The rain has finally stopped. With no sign that it might, it ceased suddenly and completely. Within minutes the sun was shining. Brilliant blue skies stretched as far as I could see as if the very idea of clouds was yet unconceived.
We can see out over the entire swath of the Great Recess. The cliffs continue off to the north and south of us, gently curving before they disappear over the horizon. Below us is a canopy I never thought I would stand above. The massive trees of the Nanten only reach two thirds the height of the cliffs.
Below I can still make out a few ruins that tumbled from Hamada into the Broken Circle. That is the name they give for the broad swath of empty land that rings the Great Recess at the base of the cliffs. For two miles or so there are massive convoluted mounds of broken stone and earth. They appear as though they were once smooth hills that are now laid open by dry cracks and jagged rents.
Some smaller trees grow on the unbroken portions, but none of the mightier trunks rise from its surface. The people here speak of the Broken Circle as if it were a graveyard, haunted by the worst sorts of monsters. The rains drive most of those monsters into the cracks and caves beneath the surface. Otherwise it is an impassable section of land.
There is a path, Inifra said, that leads across it and into the jungle. That path, she said, is only really used by the bravest of traders. It follows one of the few routes that remain unbroken, and thus do not require that one enter or cross any of the crevasses. Still, it isn’t all that much safer.
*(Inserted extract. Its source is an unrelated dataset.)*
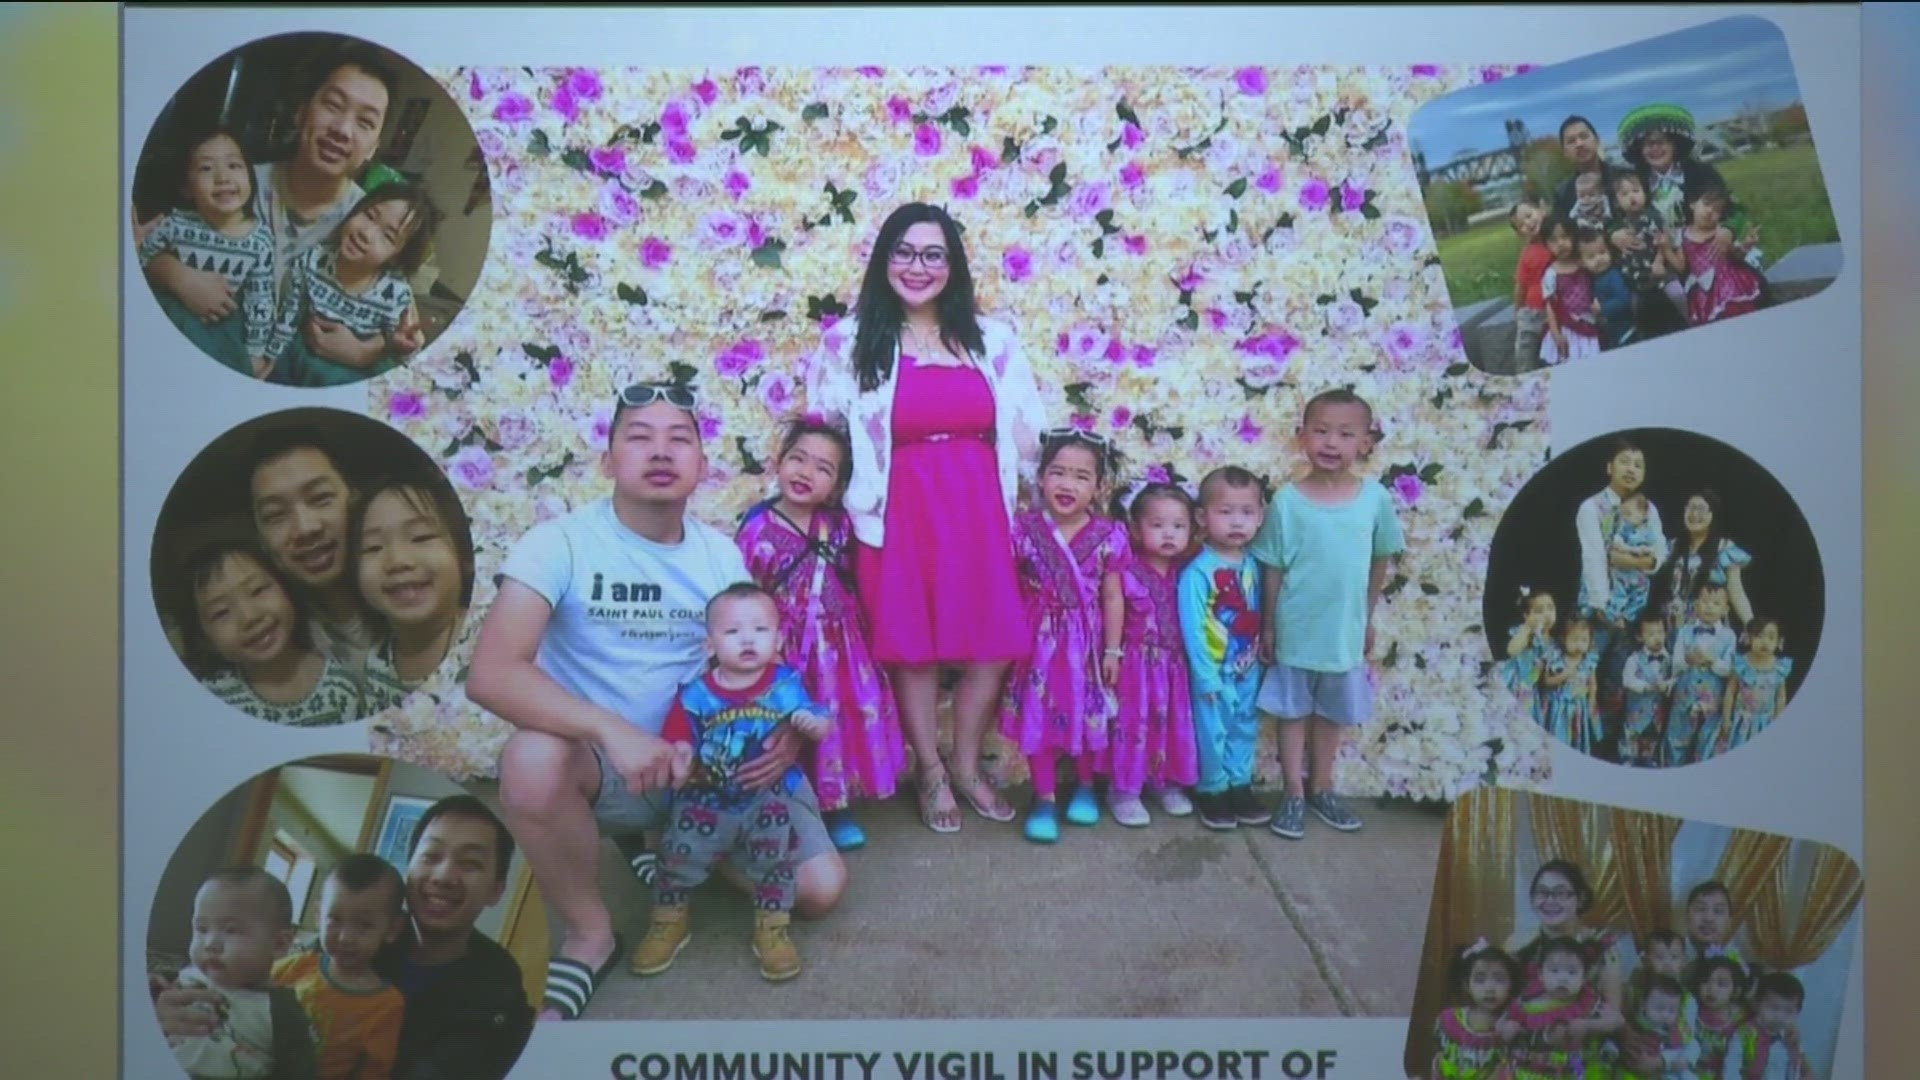 Crews pulled seven people from a burning house on Jan. 3, and on Saturday firefighters said they will donate $10,000 to the grieving family affected by that blaze.

Dionus spent much of today out on one of the stone pillars that lays fallen over the edge. He stared out over the recess, the wind whipping around him and tugging at his cloak. He said it reminded him of flying. That was sufficient, he said. At least for now.
Balthandar and Timber have made an odd pair the last few days. He seems to have become so attached to the idea of protecting her that, even in the midst of our newfound safety, he rarely leaves her side. I’d never seen Balthandar surrounded by children until she dragged him into a group of them today. It was also one of the first times I have ever seen him so visibly uncomfortable. I had to walk away so as to keep from laughing at him.
For my part, I have spent most of my time today with Inifra interviewing the locals. There is little consensus as to where Salisir may have gone, but more and more of the people have pointed us north. There is a mighty stone bridge that crosses the river at the top of the falls which their fishermen still use daily. They say that there was once another powerful trade city that lay a few dozen leagues north which built it in conjunction with Hamada.
Apparently it wasn’t as lucky as its trade partner. The entire city fell over the cliffs and was destroyed in the Broken Circle. There is a village that was built just west of the cliffs by the survivors, and it was to that village that we are repeatedly told Salisir went. This appears to be the direction we must head.
While I would prefer to make directly for Matasten, there are no guarantees that Salisir didn’t die long before he made it himself. We must continue to follow him until we know for certain where his body lies.
One more good night’s sleep, I feel, and I will be ready for our trek across this bridge and back into the jungle. My sleeping mat, the one final luxury I have from home, is so frayed that it seems worthless. Strangely, though I have always carried a mat upon which to sleep, I no longer unroll this one as frequently as I used to. I think I may leave it here in Hamada when we go.